> **Work required**: Check each line of the data below for the word "Black", then extract the ones that have it.

> **Data**:
····················

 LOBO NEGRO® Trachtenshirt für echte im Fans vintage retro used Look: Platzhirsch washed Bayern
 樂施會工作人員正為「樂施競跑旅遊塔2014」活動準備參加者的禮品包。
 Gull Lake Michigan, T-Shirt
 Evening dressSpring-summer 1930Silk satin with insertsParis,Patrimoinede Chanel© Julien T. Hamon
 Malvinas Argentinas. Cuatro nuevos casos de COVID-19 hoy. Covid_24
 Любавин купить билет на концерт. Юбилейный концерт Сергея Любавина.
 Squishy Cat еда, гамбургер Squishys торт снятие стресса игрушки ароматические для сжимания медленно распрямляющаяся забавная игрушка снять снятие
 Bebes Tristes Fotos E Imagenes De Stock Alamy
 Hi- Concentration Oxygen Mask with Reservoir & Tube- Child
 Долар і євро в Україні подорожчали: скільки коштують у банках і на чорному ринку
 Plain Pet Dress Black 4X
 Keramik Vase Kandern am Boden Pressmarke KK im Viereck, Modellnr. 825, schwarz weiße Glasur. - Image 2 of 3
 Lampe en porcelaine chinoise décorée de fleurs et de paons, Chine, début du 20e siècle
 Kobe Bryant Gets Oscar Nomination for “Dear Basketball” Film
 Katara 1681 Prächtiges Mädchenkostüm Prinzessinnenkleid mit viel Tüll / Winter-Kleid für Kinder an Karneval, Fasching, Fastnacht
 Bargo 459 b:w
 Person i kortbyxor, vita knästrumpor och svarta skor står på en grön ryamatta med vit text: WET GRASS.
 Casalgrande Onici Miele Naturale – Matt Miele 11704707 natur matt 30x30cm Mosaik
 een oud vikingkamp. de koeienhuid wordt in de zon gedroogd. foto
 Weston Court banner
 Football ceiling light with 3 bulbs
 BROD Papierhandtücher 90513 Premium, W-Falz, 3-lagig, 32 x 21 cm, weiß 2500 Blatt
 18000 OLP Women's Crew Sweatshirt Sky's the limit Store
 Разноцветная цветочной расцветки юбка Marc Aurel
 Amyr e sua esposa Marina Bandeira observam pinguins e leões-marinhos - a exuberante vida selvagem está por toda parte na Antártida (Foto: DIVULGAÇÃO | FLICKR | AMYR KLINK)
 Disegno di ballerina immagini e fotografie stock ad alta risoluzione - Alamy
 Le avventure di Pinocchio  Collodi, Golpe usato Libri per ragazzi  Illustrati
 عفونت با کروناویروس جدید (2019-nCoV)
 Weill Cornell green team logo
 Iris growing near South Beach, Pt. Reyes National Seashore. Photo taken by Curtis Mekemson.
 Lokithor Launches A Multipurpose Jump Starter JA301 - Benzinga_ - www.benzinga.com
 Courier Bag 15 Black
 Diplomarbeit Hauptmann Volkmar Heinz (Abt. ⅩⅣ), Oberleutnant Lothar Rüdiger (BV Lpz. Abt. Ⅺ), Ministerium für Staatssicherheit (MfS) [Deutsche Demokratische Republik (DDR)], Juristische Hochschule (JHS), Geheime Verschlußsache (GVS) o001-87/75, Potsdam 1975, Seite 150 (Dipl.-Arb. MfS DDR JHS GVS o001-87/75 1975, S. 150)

····················

> **Task solution**:
 Plain Pet Dress Black 4X
 Courier Bag 15 Black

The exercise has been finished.